HIGHLY COMMENDED
This is a solemn Torres Strait Islander (TSI) story from both my family’s side and my husband’s, Kapua family’s side. My father Opeta Fauid (deceased) a Porumalgal man from the Kulkalgal Nation was a deep-sea pearl shell diver of our Poruma community lugger boats McCoy and Caroline.
My husband’s grandfather, Kapua Gutchen (Snr) (deceased) was also a deep-sea pearl shell diver aboard a lugger boat named ‘Yoela’. He was an Erubam Meuram-Samsep person from Erub (Darnley Island) of the Meriam Nation. From the early 1900’s until the late 1960’s pearling lugger boats operated throughout the Torres Strait’s Sea Country and elsewhere in northern Australian regional sea country. These lugger vessels were manned with Indigenous or non-Indigenous crewmen seeking fortunes or just forced to dived for the pearl resources of our deep and dangerous seas. Many divers lost their lives at sea especially working around the ‘Darnley deeps’ within the Erubam sea country.
Stories from both our families tells us that although Torres Strait Islander men and Aboriginal men, including men of other nationalities accidentally died in this perilous employment, it was the Japanese men divers whom in particular perished the most, because of the ‘Unnecessary Risks’ they undertook on the ocean and sea floor. This is evident of the bigger Japanese diver’s cemeteries on both Waibeni (Thursday Island) and Erub (Darnley Island) and smaller gravesites on other TSI communities, and also scattered upon uninhabited islands and high sand cays.

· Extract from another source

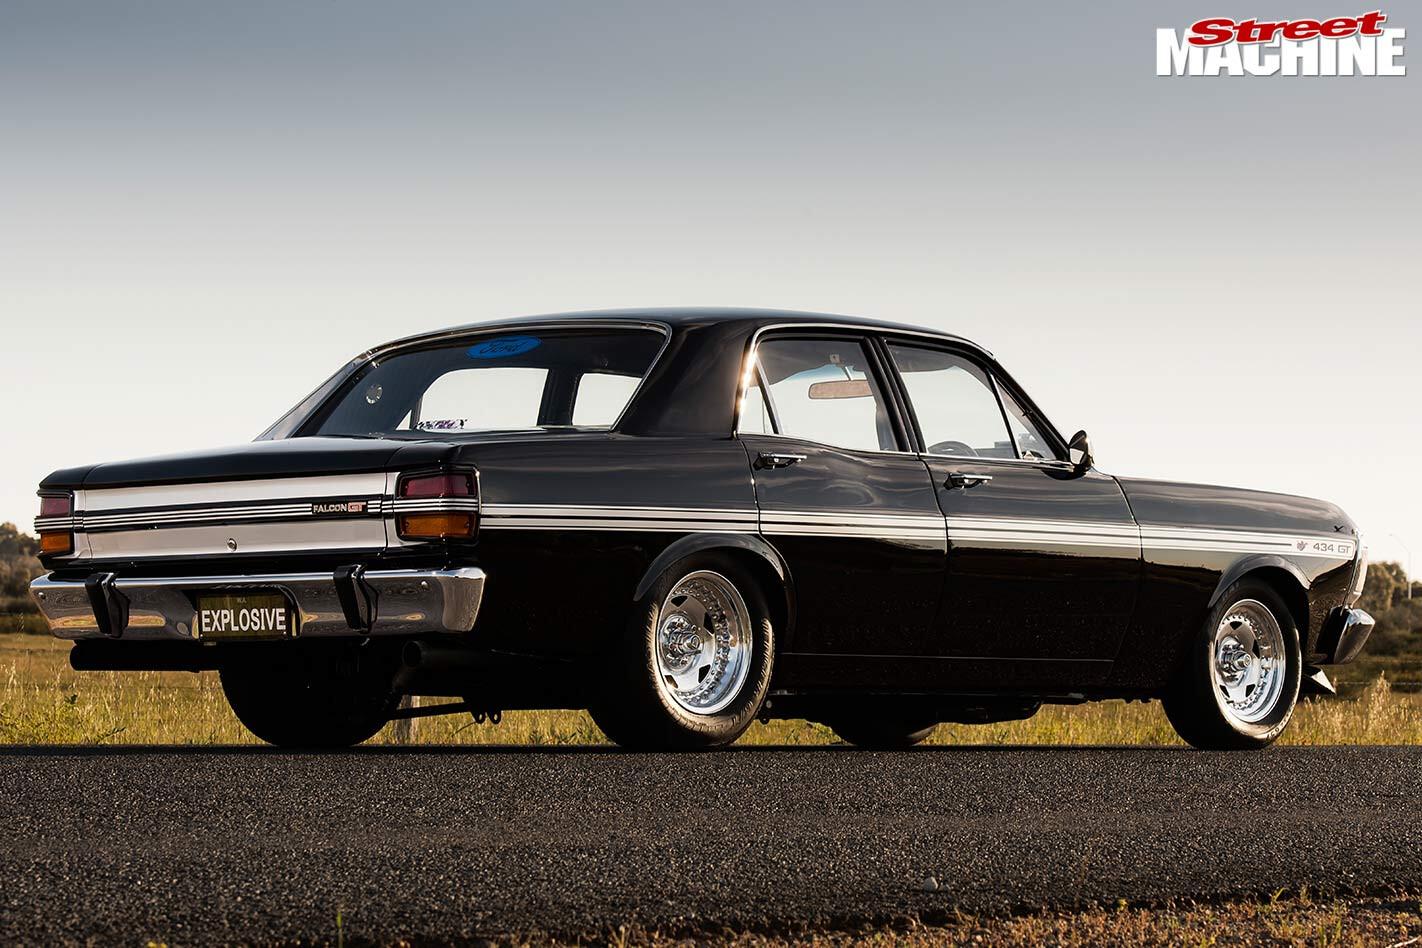 Ford XY Fairmont rear

My Ghost Net Artwork is a representation, and it speaks about those lost Divers Brass Helmets trapped within those deep underwater caverns on the ocean floor, that my late father and my husband’s relatives talked about. Our Stories say that it was also Customary when seeking blessings and protections from Spirits of deceased divers, TSI and Northern Peninsula Area (NPA) Aboriginals divers, including Coastal Village Papuans divers would remove a pearl shell oyster or two from their diving bags and placed them beside a lost diver’s helmet, when they see them during their divers walk also on the sea floor. These lost divers brass helmets, although probably all now covered over with coral and other growth of the sea, tells stories of unfortunate Souls now gone, but became part of our Nations Maritime History. This is an emotional story for me.